My benevolence to livestock would probably not impress those animals I'm about to eat, even though I'm probably more concerned about their well-being during their brief lives than most consumers.
Yeah, and if you say that you love your livestock I'm going to be very suspicious.

quote:
quote:
Originally posted by Justinian:
Given that impulse in physics is never in direct contradiction to impulse in the vernacular, I'm going with cleave being a better analogy.

No, that's precisely why "cleave" is not a good analogy. The technical meaning of love "to will the good for another" used here is not in any direct contradiction to the usage in the vernacular.
My point exactly. Your God condems people to be tortured eternally. If we follow the Summa Theologica your god emotionally and morally lobotomises those he selects for good things, taking away their sense of compassion and pity. This is all the opposite of the vernacular meaning of love.
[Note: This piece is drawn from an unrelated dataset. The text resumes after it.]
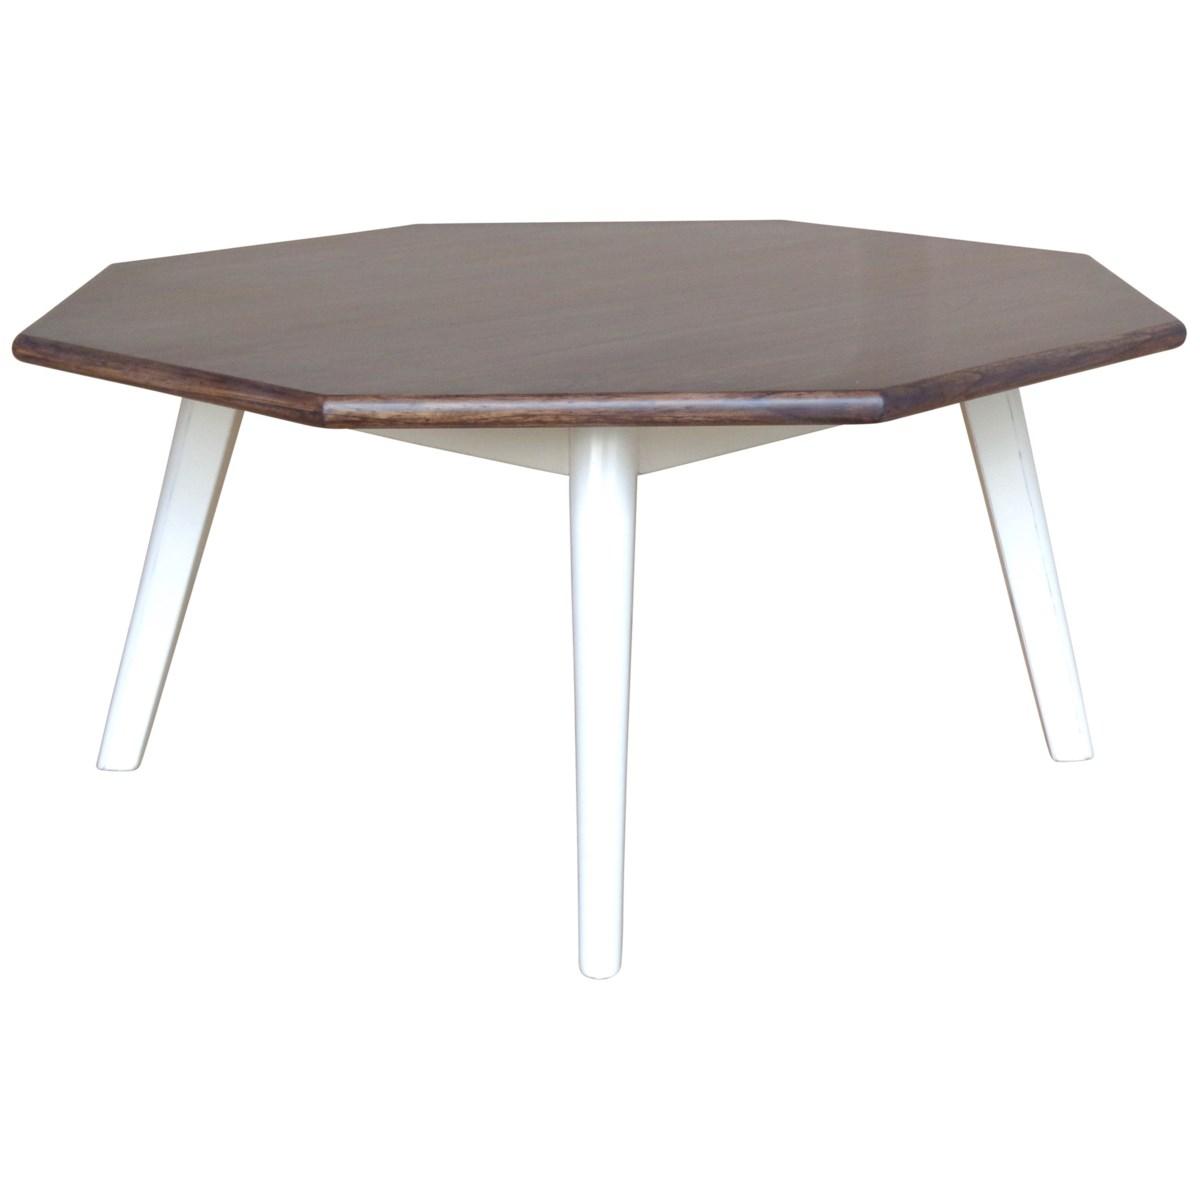 NANTUCKET OCTAIL TABLE - WHT/CC

Which is precisely why I chose Cleave.

quote:
The "technical" meaning of love used above allows one to maintain that "God is love" without making a dent in God's wrath for sin.
In short you redefine "love" so God can condemn people to eternal torture while still "loving" them. You redefine "love" so that God can be said to love humans while demonstrating the opposite. I'm going with Cleave rather than Impulse here.

quote:
After all, any good possessed by a creature is caused by God willing it
And in this case your use of the word "good" is technical language in the sense of impulse. "Good" under your definition means, I believe, "Aligned to the will of God." I'm using it in a much less theological sense.

quote:
God's love is hence quite literally nothing but His creating and supplying grace.
"Aren't I nice, honey. See, I'm not hitting you. I'm taking it out on our son instead." God's grace, under your theology, is a way of saying that God will not torture us to an extent that would make Doctor Mengele blush.

quote:
So unlike modern "huggy bear" Christianity, traditional Christianity has successfully squared the circle of a loving God throwing sinners into hell for eternity.
Indeed it has. In exactly the same way that a battered wife has squared the idea that the husband who puts her and her kids into hospital loves said wife. The parallels go almost all the way down.